Building basic images with Podman

  • A container’s OCI image is a set of immutable layers stacked together with a copy-on-write logic.
  • When an image is built, all the layers are created in a precise order and then pushed to the container registry.
  • Layers are stored as as tar-based archives and image metadata.
  • These manifests are necessary to correctly reassemble the image layers (the image manifest and the image index) and to pass runtime configurations to the container engine (the image configuration).

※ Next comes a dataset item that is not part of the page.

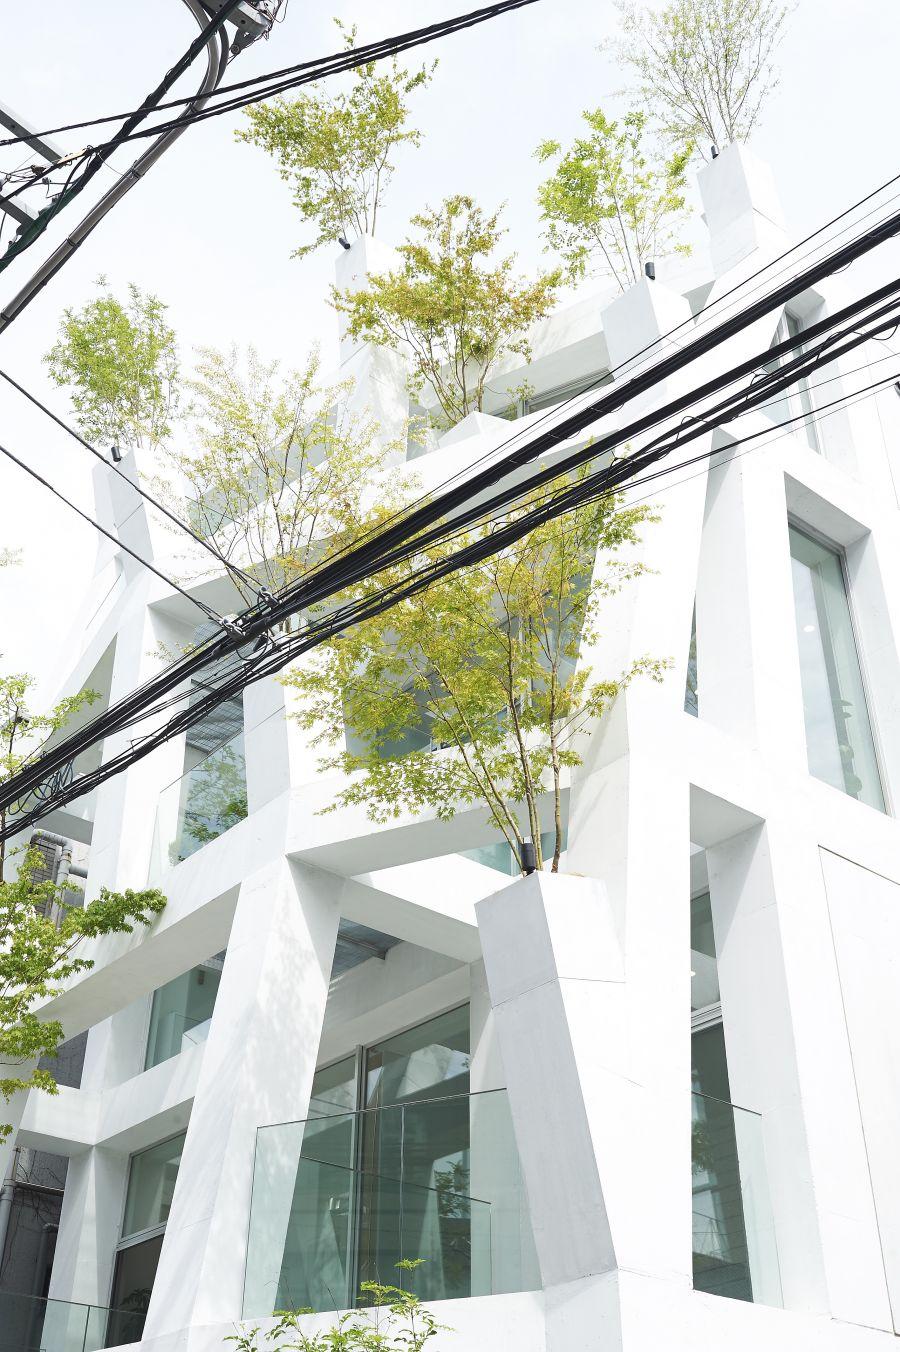 Omotesando Branches, Tokyo - crédit : V.Sadoun

Containerfiles and Dockerfiles

  • Container images can be built in different ways.
  • Most common approach is based on Dockerfiles.

Dockerfile

  • Main configuration file for Docker builds.
  • Plain list of actions to be executed in the build process.
  • A standard in OCI image builds and are adopted in many use cases.

Containerfiles

  • Name-change of Dockerfiles to move away from the Docker name.
  • Same syntax as Dockerfiles and are supported natively by Podman.
  • A set of build instructions that the build tool executes sequentially.
  • The cached layers have the advantage of being reusable on further builds when no changes are requested on a specific layer.
  • Intermediate containers will produce read-only layers merged by the overlay graph driver.
  • Users don’t need to manually manage the cached layers.
  • The engine automatically implements the necessary actions by creating the temporary containers, executing the actions defined by the Dockerfile instructions, and then committing.
  • By repeating the same logic for all the necessary instructions, Podman creates a new image with additional layers on top of the ones of the base image.
  • You can squash the image layers into a single one to avoid a negative impact on the overlay’s performance.
  • Not all instructions change the filesystem.
    • Only the ones that do will create a new image layer. (RUN, COPY, and ADD)
  • All the other instructions, such as CMD, produce an empty layer with metadata only and no changes in the overlay filesystem.
    • These just create temporary intermediate images and do not impact the final image filesystem.
  • Try to keep the number of RUN, COPY, and ADD instructions limited.
  • Having images cluttered with too many layers impacts the graph driver performance.
  • Containerfile instructions are commands passed to the container engine or build tool.

Containerfile Instructions:

FROM

  • Defines the initial base image used to build the container image.
  • New layers that hold the changes are cached in intermediate layers, represented by temporary images.
  • First instruction of a build stage.
  • Defines the base image used as the starting point of the build.
  • Automatically pulls image if it is not already on the host.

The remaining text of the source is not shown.